Start of RECORDED INFORMATION

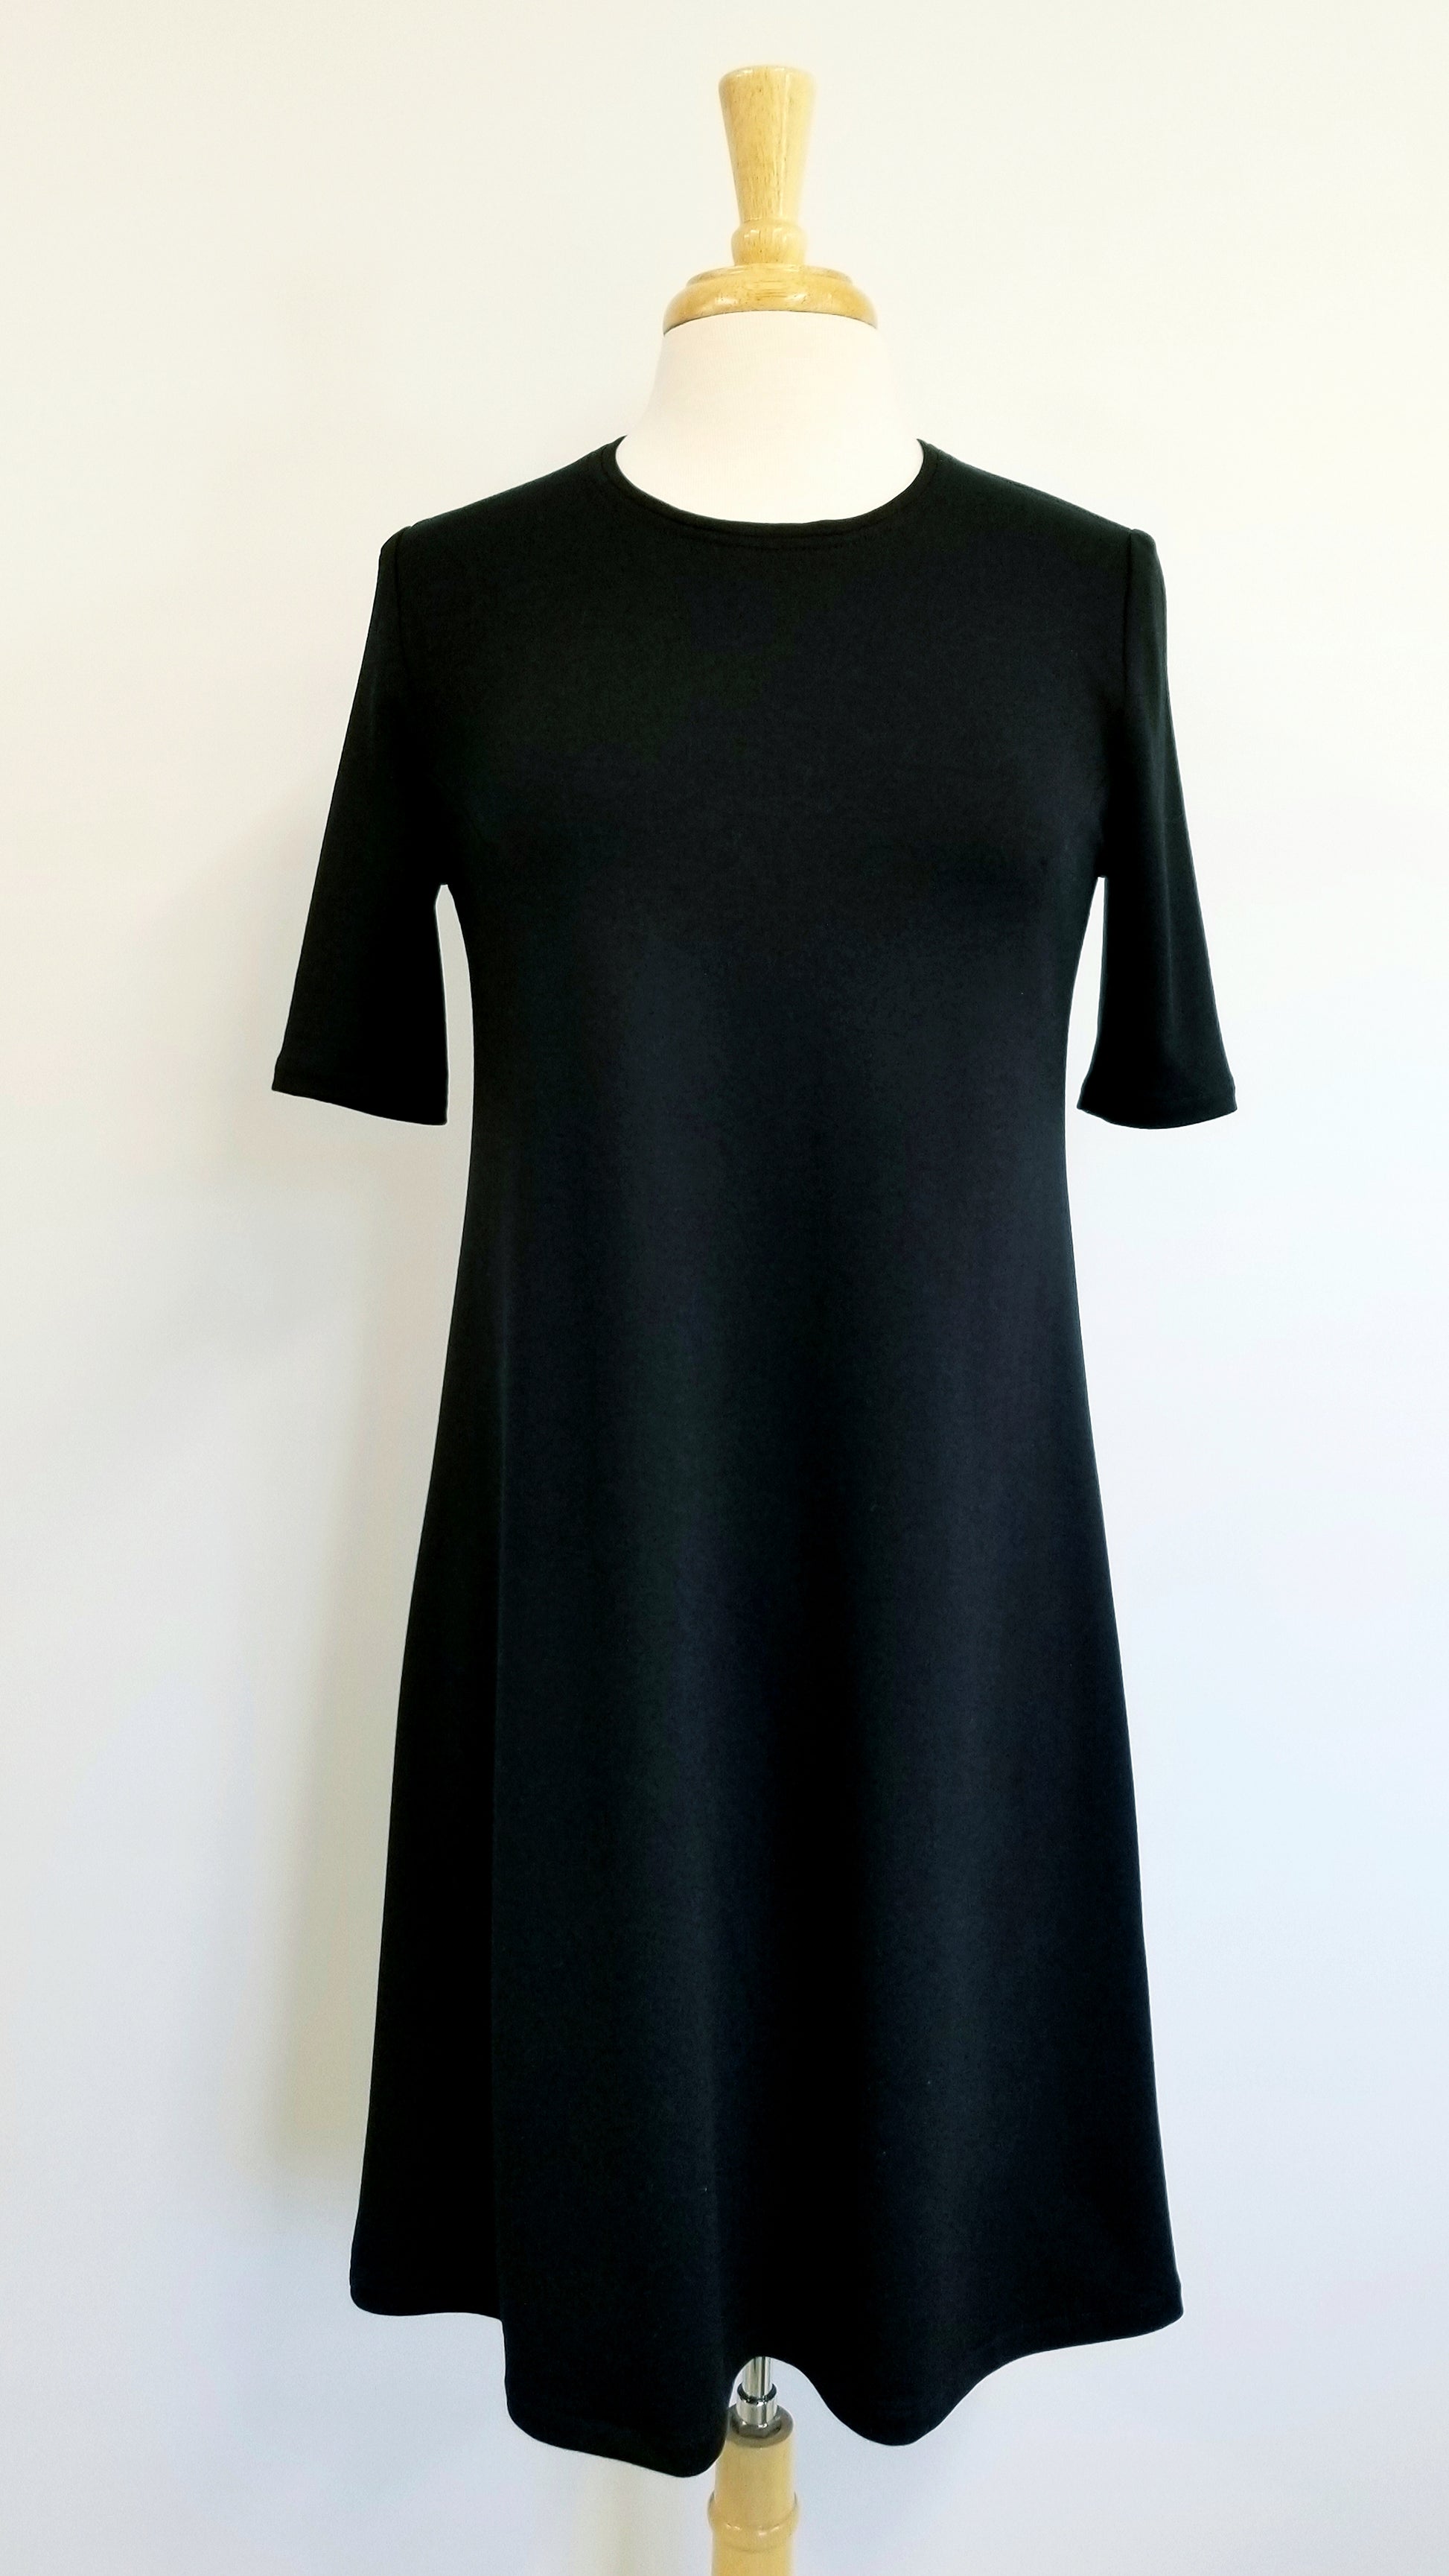 Petite robe noire de designer québécois cm atelier-boutique
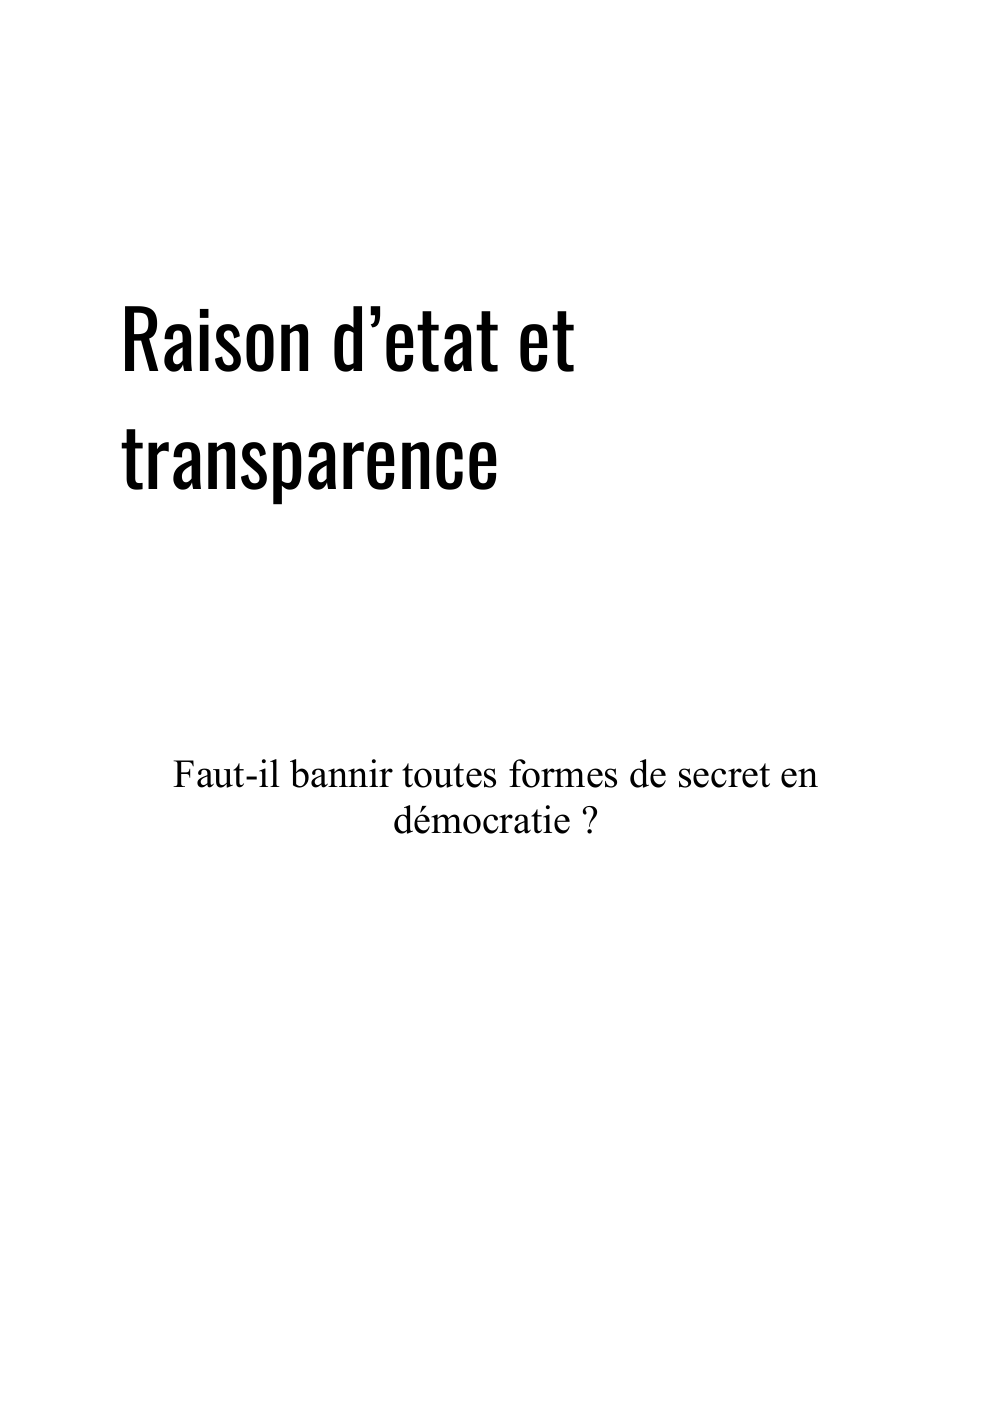 Prévisualisation du document exposé sur les raisons d'état et transparence: Faut-il bannir toutes formes de secret en démocratie ?
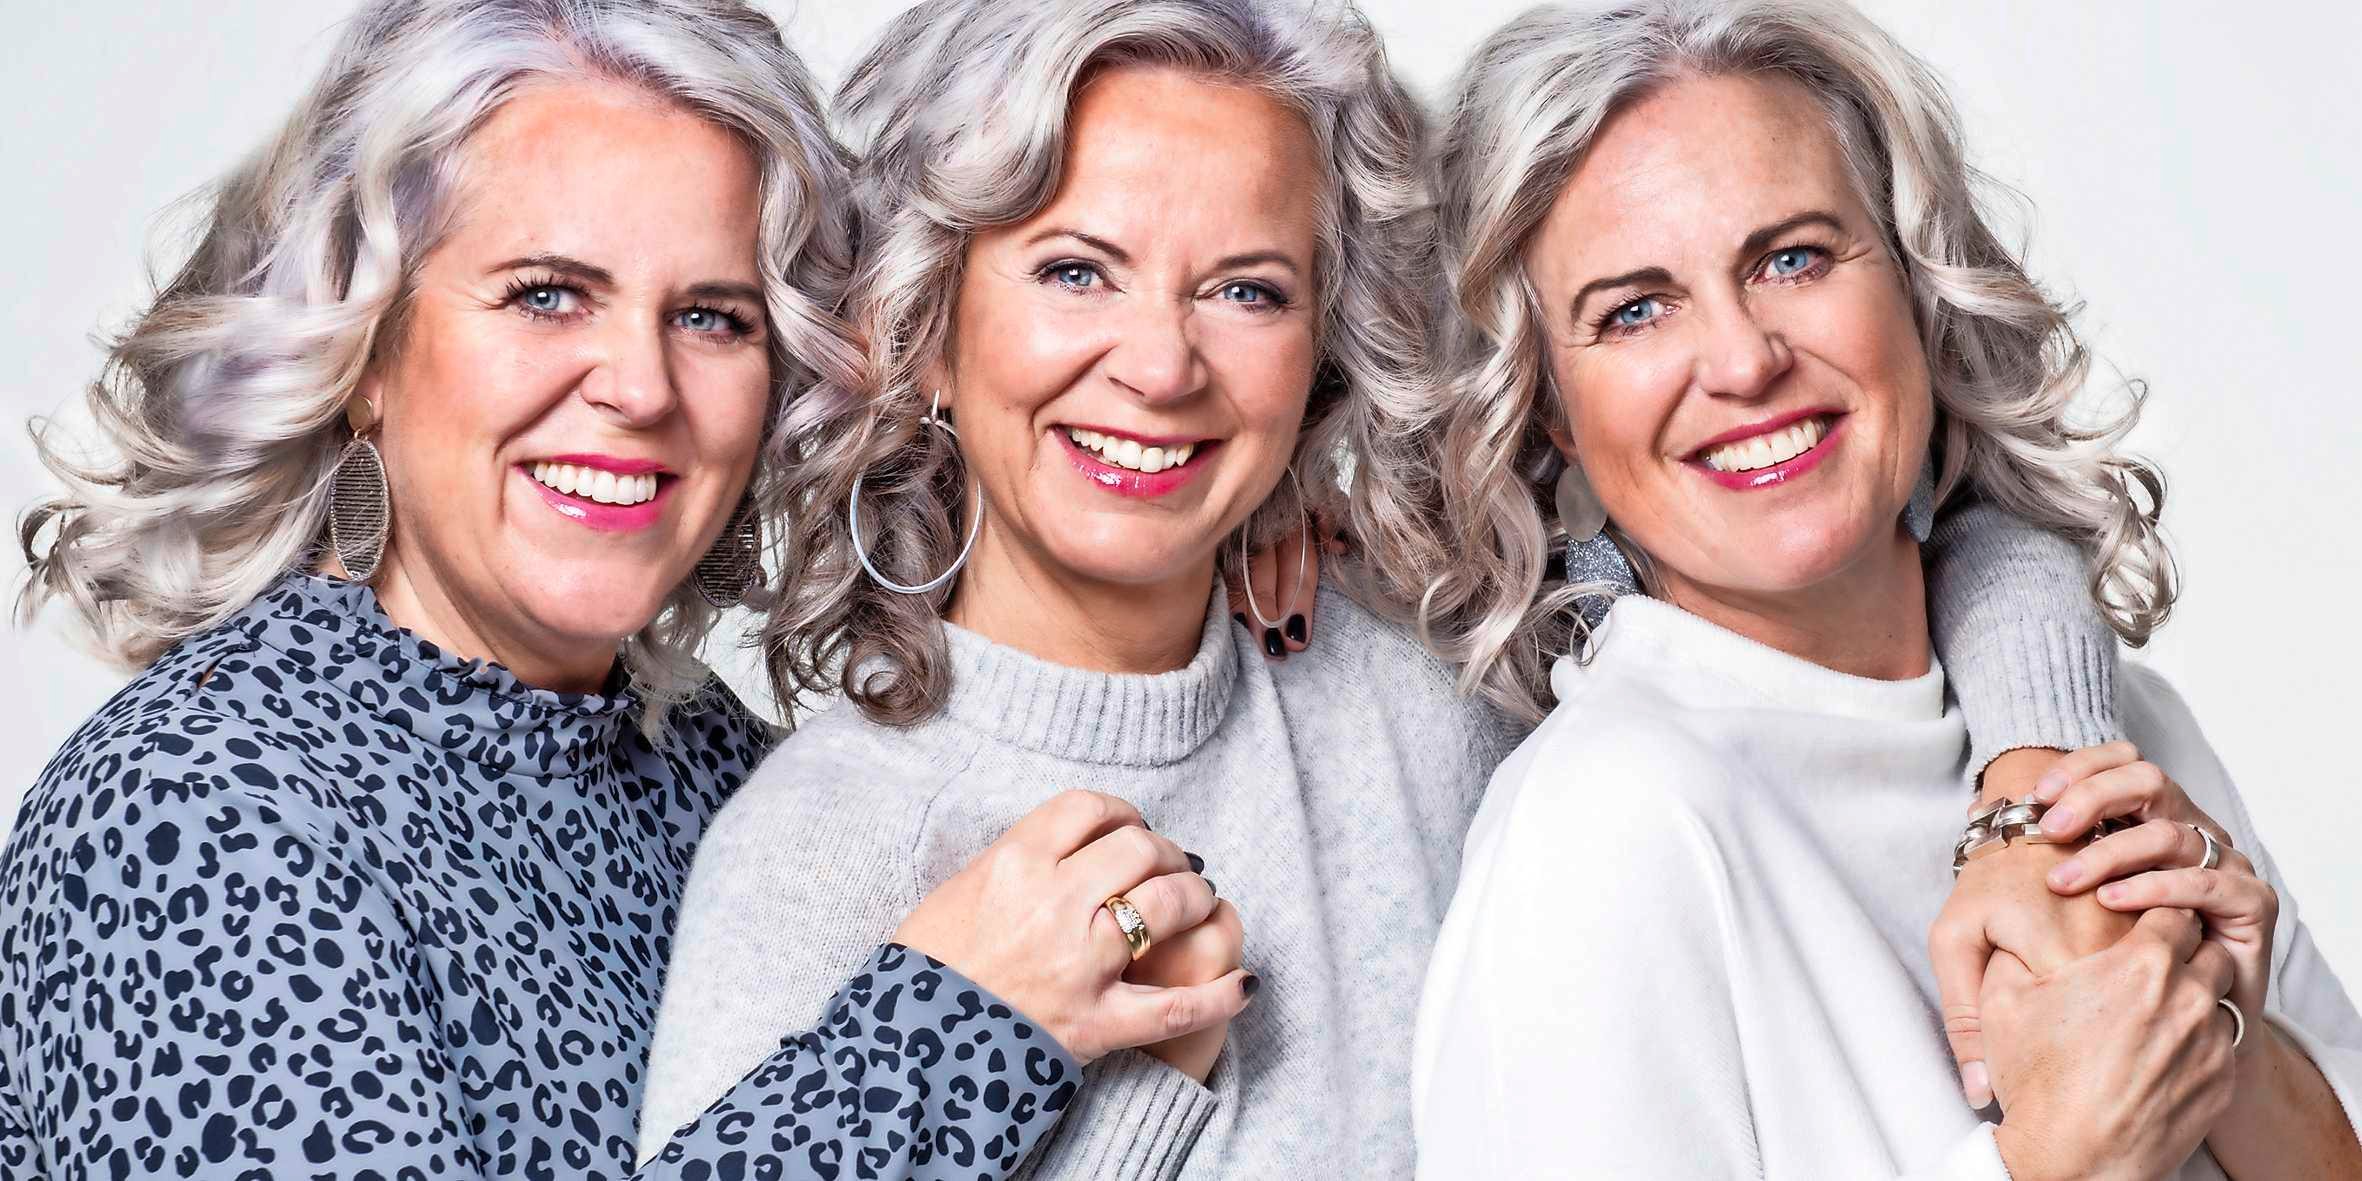 Brig Hoeveelheid van Pornografie MOOI: Charlotte (46) en haar zussen gaan voor grijs! | Verhalen achter het  nieuws | Telegraaf.nl

End of RECORDED INFORMATION

▶ _EXERCISE_
The final stretch of the data, from the line with "Prévisualisation du document" through its last line, is to be retyped exactly; pictures are not part of the copy.

▶ _SOLUTION FOR THIS TASK_
 Prévisualisation du document exposé sur les raisons d'état et transparence: Faut-il bannir toutes formes de secret en démocratie ?
 Brig Hoeveelheid van Pornografie MOOI: Charlotte (46) en haar zussen gaan voor grijs! | Verhalen achter het  nieuws | Telegraaf.nl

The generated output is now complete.